Please repeat exactly the lines below from the one containing "La violencia doméstica, la" down to the one containing "Close-up of a bride | Source: Pexels", both included, and nothing else.

START Stored data

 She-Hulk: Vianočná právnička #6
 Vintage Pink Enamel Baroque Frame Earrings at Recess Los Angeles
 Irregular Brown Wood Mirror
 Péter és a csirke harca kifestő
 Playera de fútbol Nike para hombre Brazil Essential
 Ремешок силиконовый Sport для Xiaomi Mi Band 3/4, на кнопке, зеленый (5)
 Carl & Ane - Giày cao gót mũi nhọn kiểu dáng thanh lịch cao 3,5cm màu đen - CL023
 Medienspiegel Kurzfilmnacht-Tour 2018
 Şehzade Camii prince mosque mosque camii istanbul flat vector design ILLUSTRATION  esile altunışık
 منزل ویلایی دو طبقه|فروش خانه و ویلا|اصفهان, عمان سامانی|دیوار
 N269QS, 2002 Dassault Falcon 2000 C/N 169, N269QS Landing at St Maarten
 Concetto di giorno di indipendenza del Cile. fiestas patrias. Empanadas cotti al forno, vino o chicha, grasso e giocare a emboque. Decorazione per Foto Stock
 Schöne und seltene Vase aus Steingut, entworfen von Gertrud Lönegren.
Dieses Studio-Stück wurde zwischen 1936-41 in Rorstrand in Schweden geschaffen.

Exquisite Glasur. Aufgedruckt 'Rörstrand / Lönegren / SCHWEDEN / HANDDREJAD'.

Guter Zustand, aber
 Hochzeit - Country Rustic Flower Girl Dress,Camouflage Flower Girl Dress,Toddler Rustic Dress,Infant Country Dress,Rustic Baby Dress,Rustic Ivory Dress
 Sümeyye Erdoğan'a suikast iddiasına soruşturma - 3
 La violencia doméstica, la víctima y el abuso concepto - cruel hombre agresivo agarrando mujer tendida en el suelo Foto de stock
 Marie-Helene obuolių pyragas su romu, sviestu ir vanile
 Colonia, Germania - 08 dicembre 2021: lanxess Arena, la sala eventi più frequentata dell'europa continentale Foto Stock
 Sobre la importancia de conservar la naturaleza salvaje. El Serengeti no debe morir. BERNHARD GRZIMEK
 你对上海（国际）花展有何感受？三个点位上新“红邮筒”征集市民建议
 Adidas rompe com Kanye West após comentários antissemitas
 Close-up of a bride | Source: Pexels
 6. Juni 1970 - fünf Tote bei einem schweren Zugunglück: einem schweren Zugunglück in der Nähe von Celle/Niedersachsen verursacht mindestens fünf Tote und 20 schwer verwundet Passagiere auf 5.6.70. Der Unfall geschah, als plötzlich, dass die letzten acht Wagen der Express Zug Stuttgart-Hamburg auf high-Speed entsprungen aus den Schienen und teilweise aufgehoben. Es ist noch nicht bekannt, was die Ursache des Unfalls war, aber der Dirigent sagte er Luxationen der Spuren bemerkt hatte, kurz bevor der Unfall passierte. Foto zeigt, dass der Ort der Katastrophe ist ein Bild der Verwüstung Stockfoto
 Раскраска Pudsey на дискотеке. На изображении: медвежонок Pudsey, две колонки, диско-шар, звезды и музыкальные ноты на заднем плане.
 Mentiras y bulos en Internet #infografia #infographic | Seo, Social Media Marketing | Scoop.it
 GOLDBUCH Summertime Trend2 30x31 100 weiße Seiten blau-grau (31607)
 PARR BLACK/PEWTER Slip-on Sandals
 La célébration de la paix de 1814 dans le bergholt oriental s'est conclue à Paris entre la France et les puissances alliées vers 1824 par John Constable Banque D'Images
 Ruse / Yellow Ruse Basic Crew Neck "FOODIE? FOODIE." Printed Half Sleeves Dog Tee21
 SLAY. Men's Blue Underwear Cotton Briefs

END Stored data

## Response to the exercise:
 La violencia doméstica, la víctima y el abuso concepto - cruel hombre agresivo agarrando mujer tendida en el suelo Foto de stock
 Marie-Helene obuolių pyragas su romu, sviestu ir vanile
 Colonia, Germania - 08 dicembre 2021: lanxess Arena, la sala eventi più frequentata dell'europa continentale Foto Stock
 Sobre la importancia de conservar la naturaleza salvaje. El Serengeti no debe morir. BERNHARD GRZIMEK
 你对上海（国际）花展有何感受？三个点位上新“红邮筒”征集市民建议
 Adidas rompe com Kanye West após comentários antissemitas
 Close-up of a bride | Source: Pexels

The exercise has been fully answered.